Repeat the listing below verbatim, without its images.

(Dataset content begins)

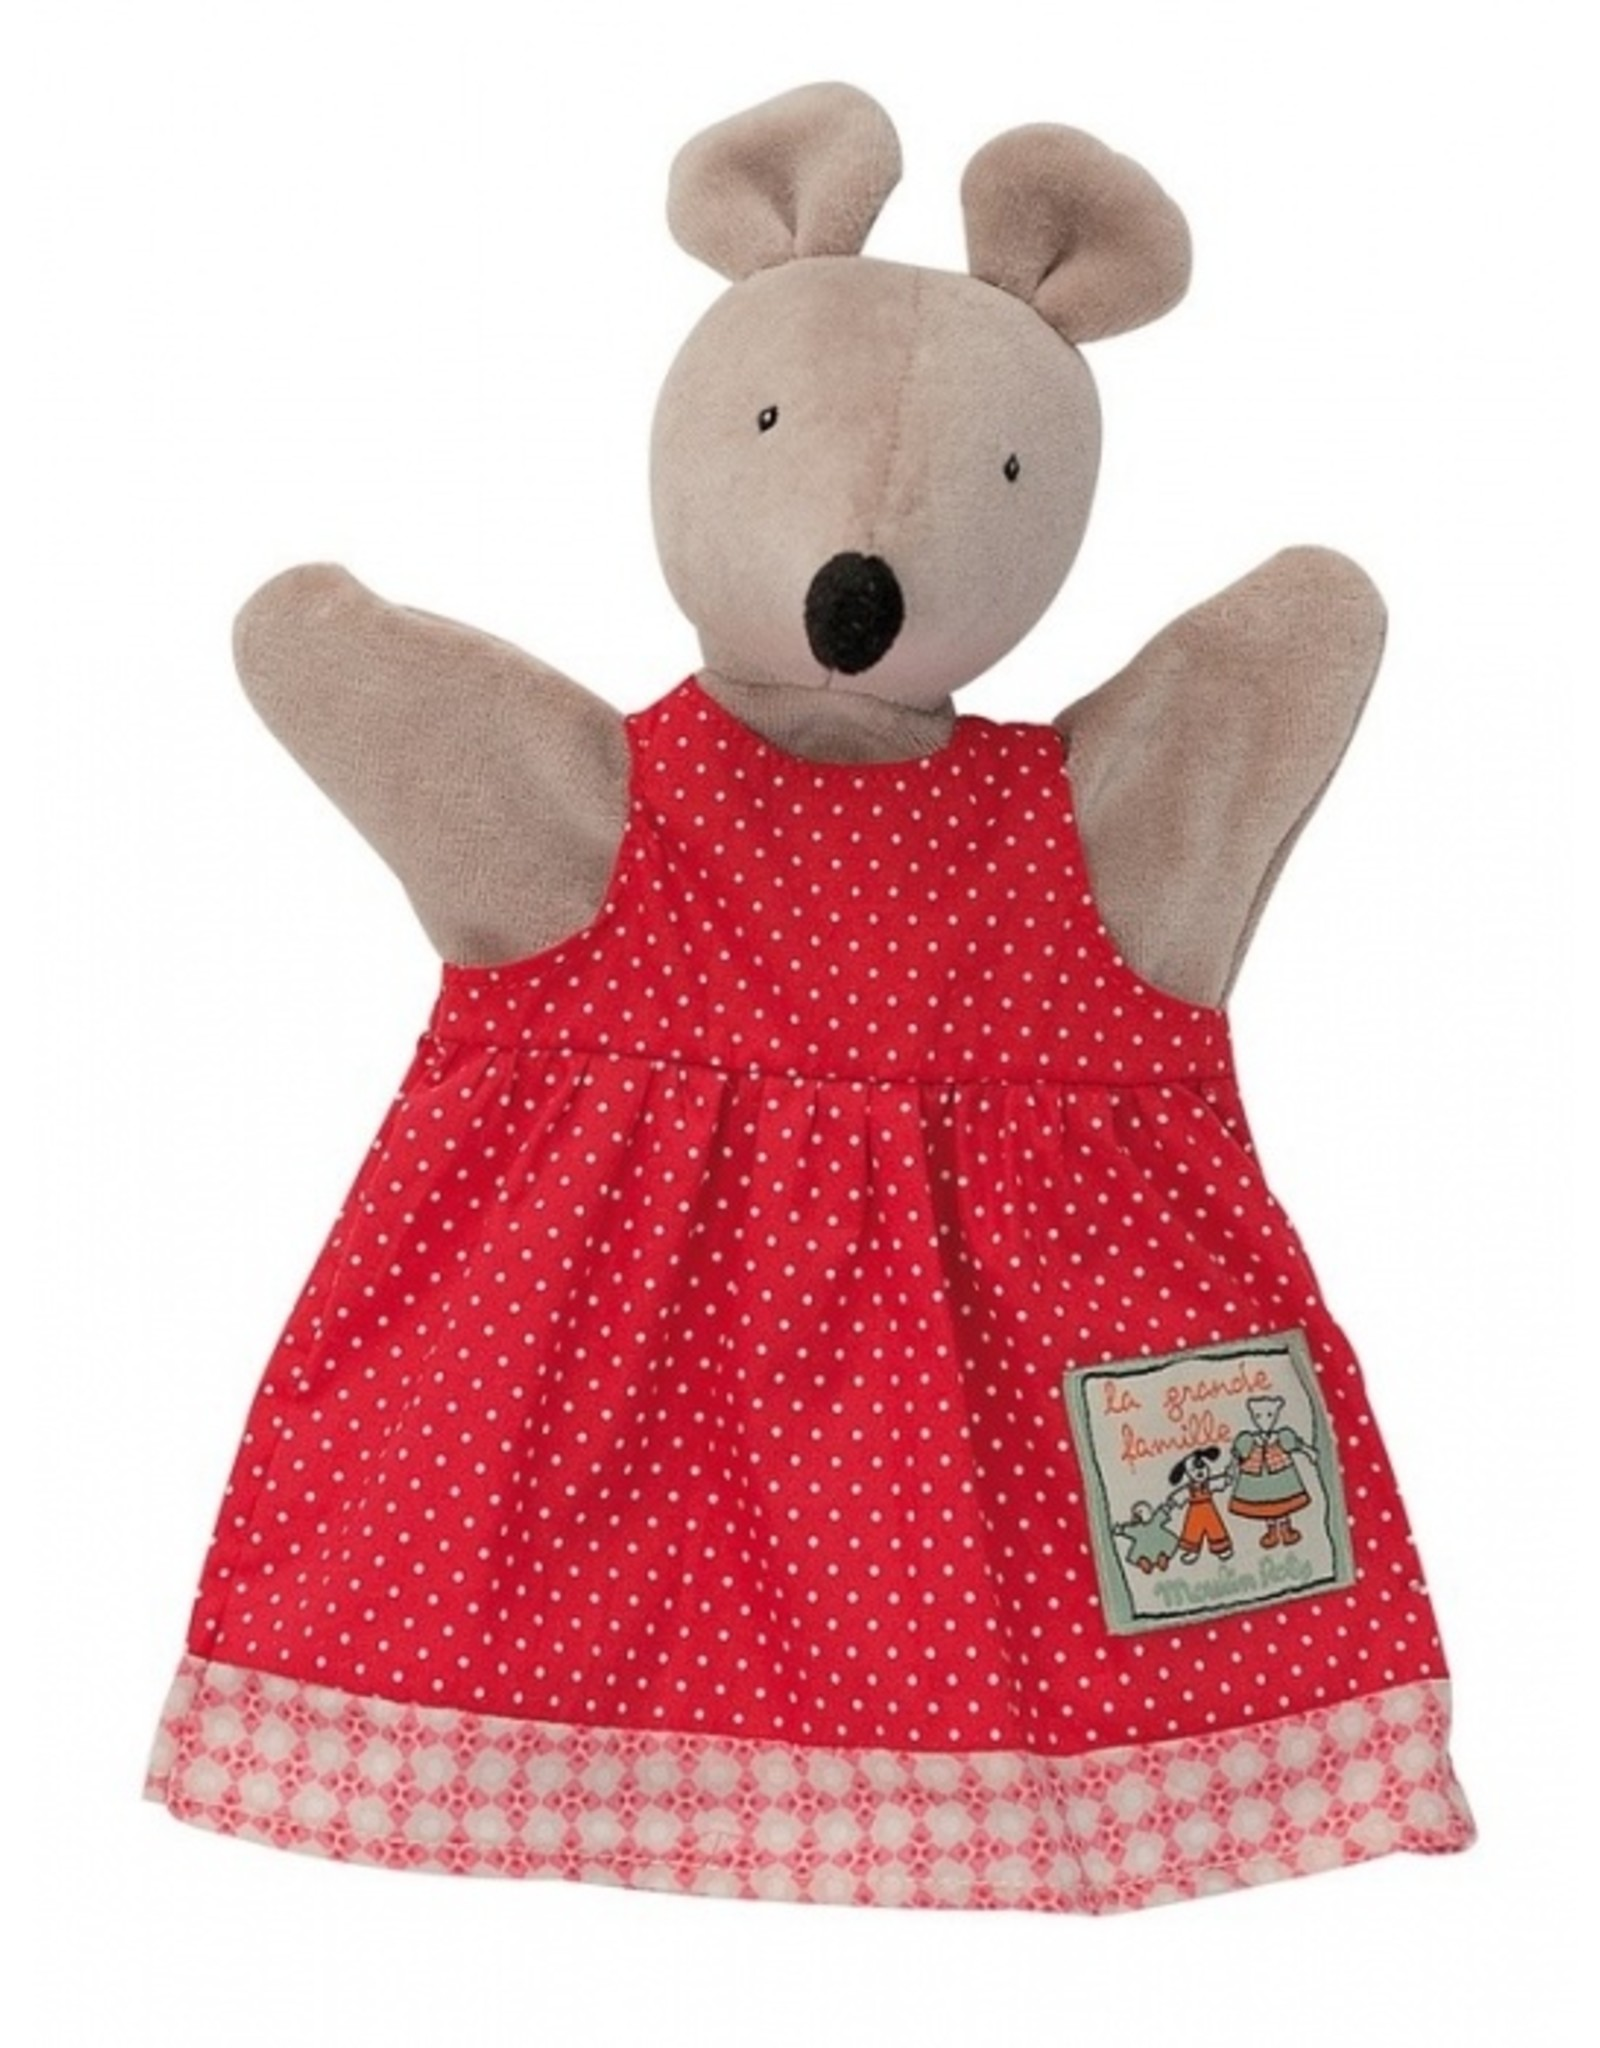 Moulin Roty Marionnette Nini, la souris
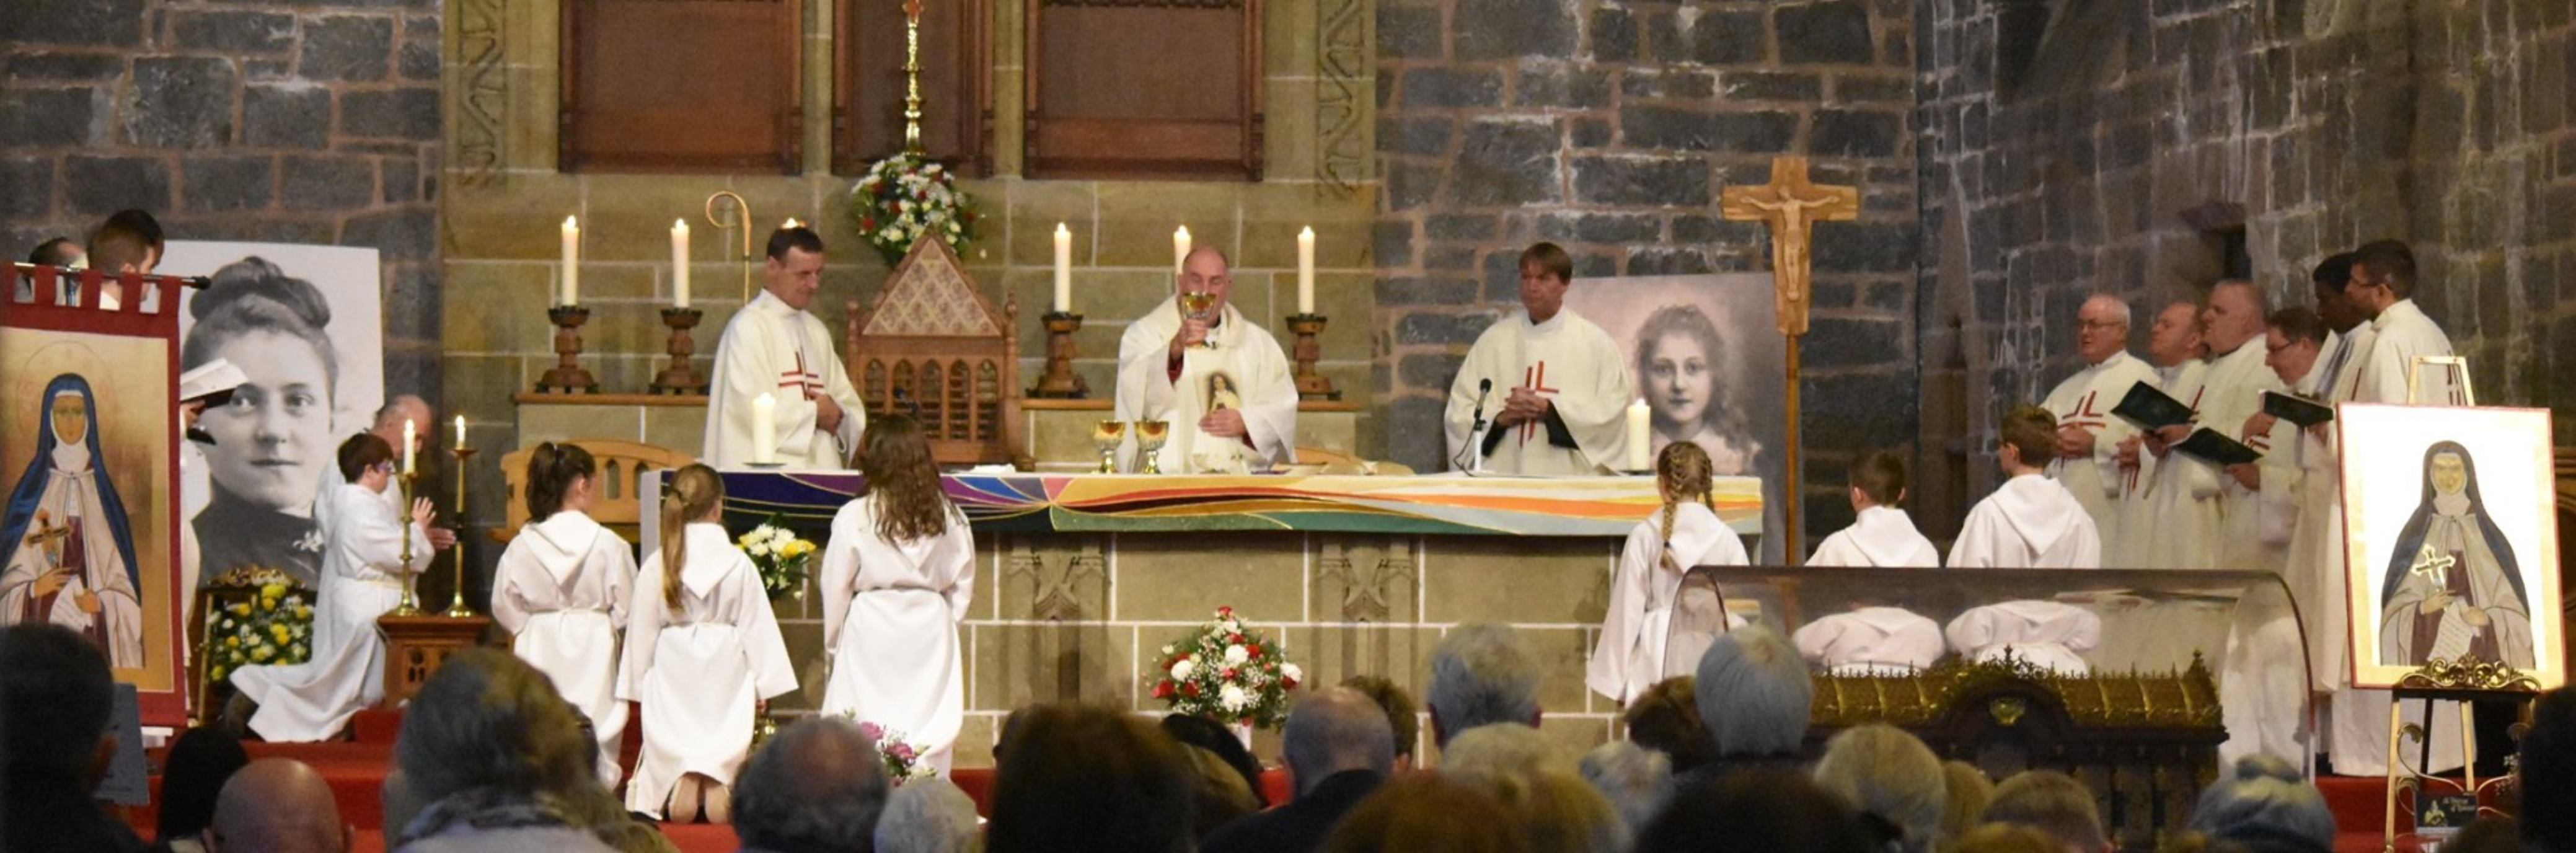 Visit of the Relics of St Thérèse
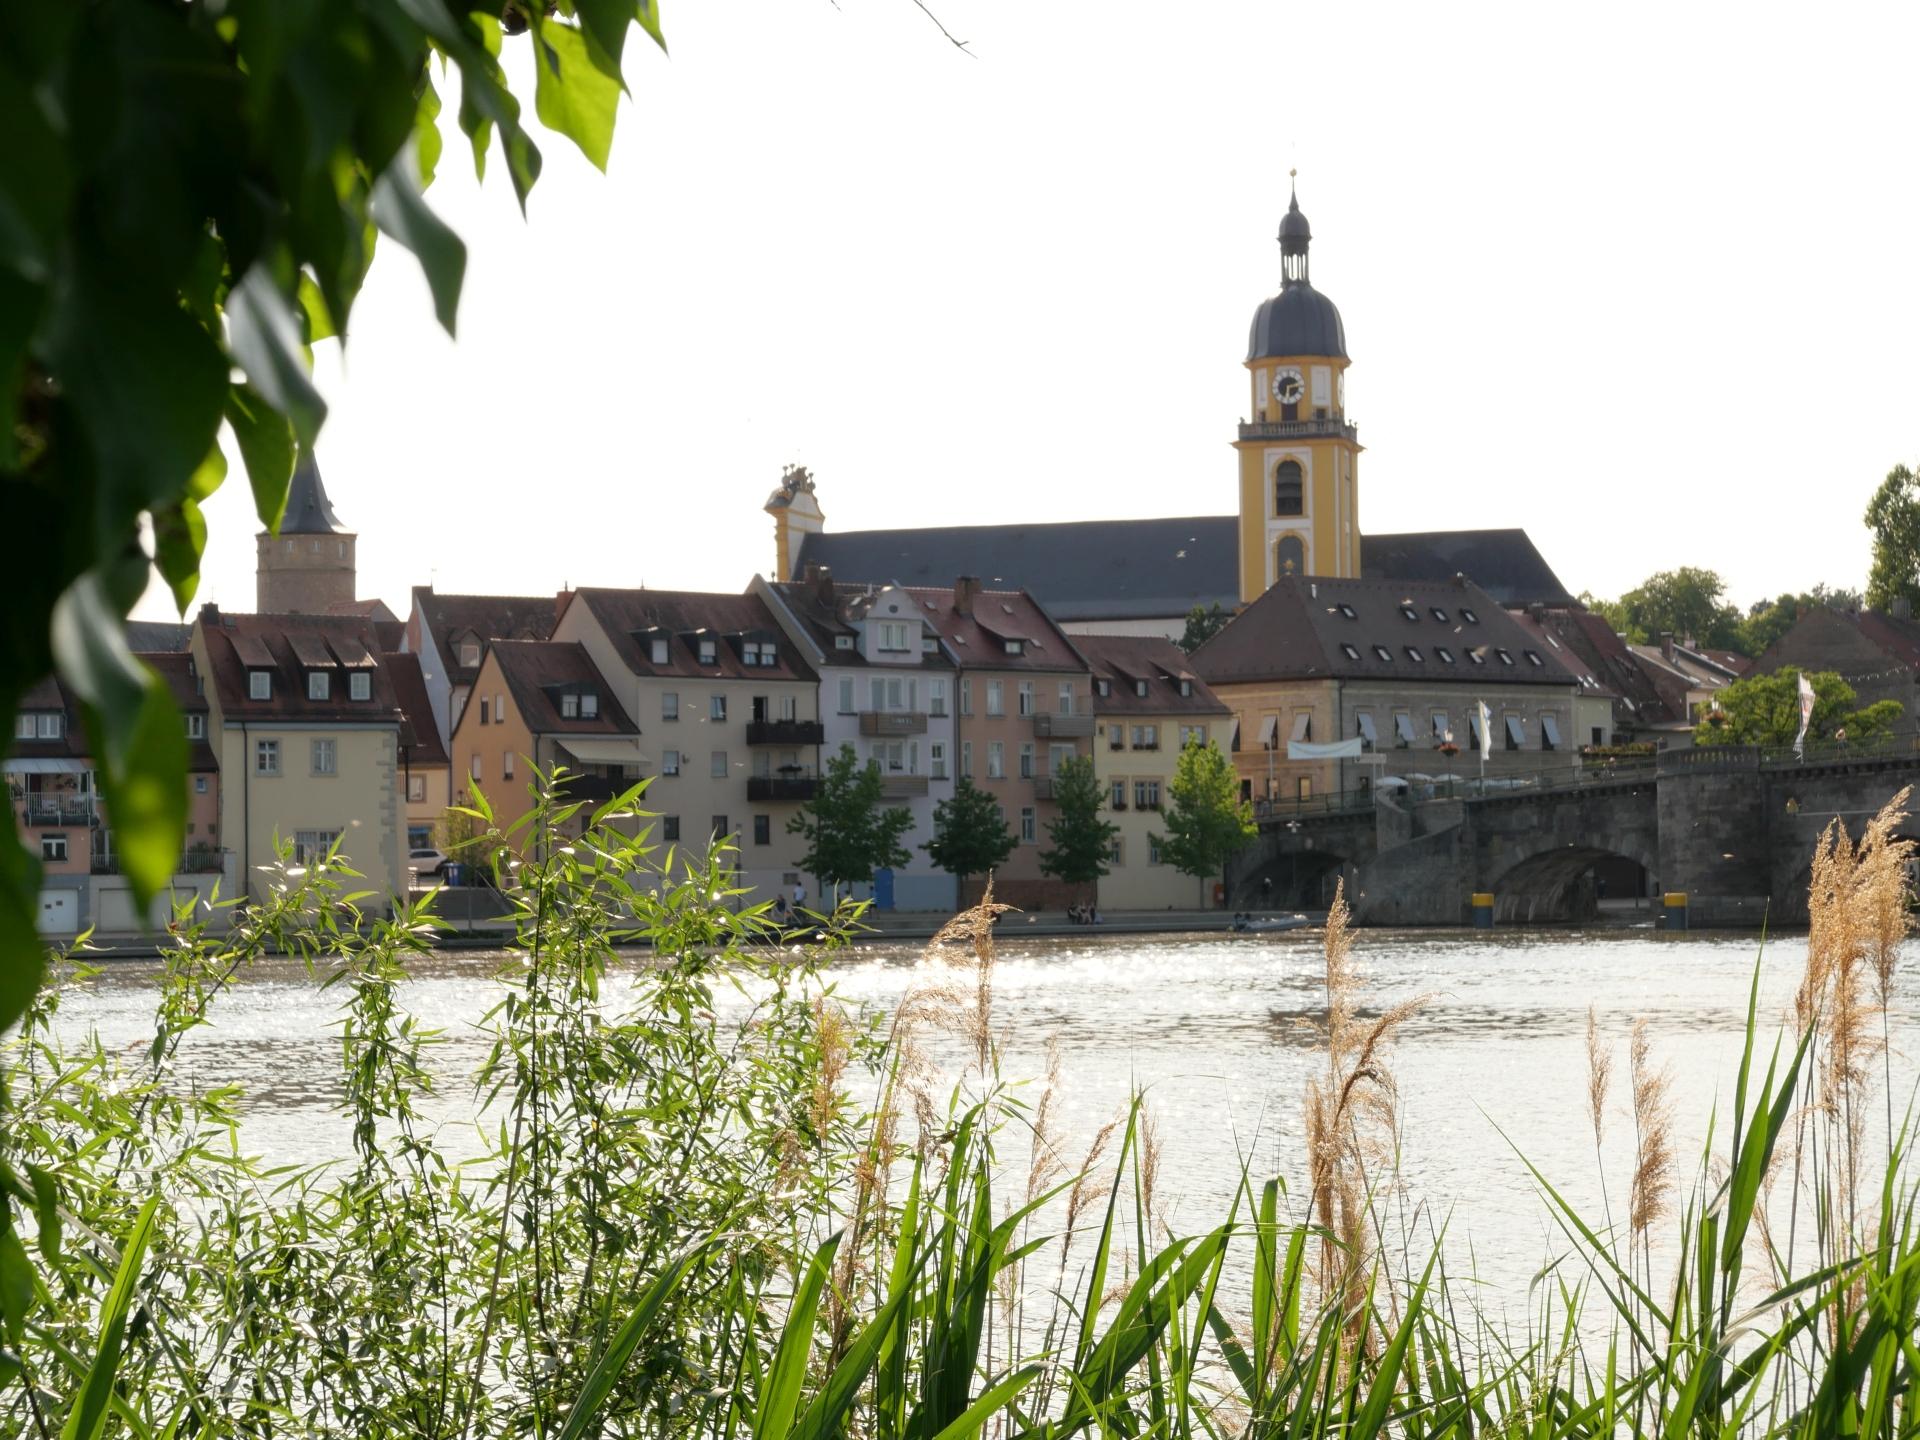 Stadtsilouhette von Kitzingen am Main mit Falterturm

(Dataset content ends)

▸ **Task response**:
 Moulin Roty Marionnette Nini, la souris
 Visit of the Relics of St Thérèse
 Stadtsilouhette von Kitzingen am Main mit Falterturm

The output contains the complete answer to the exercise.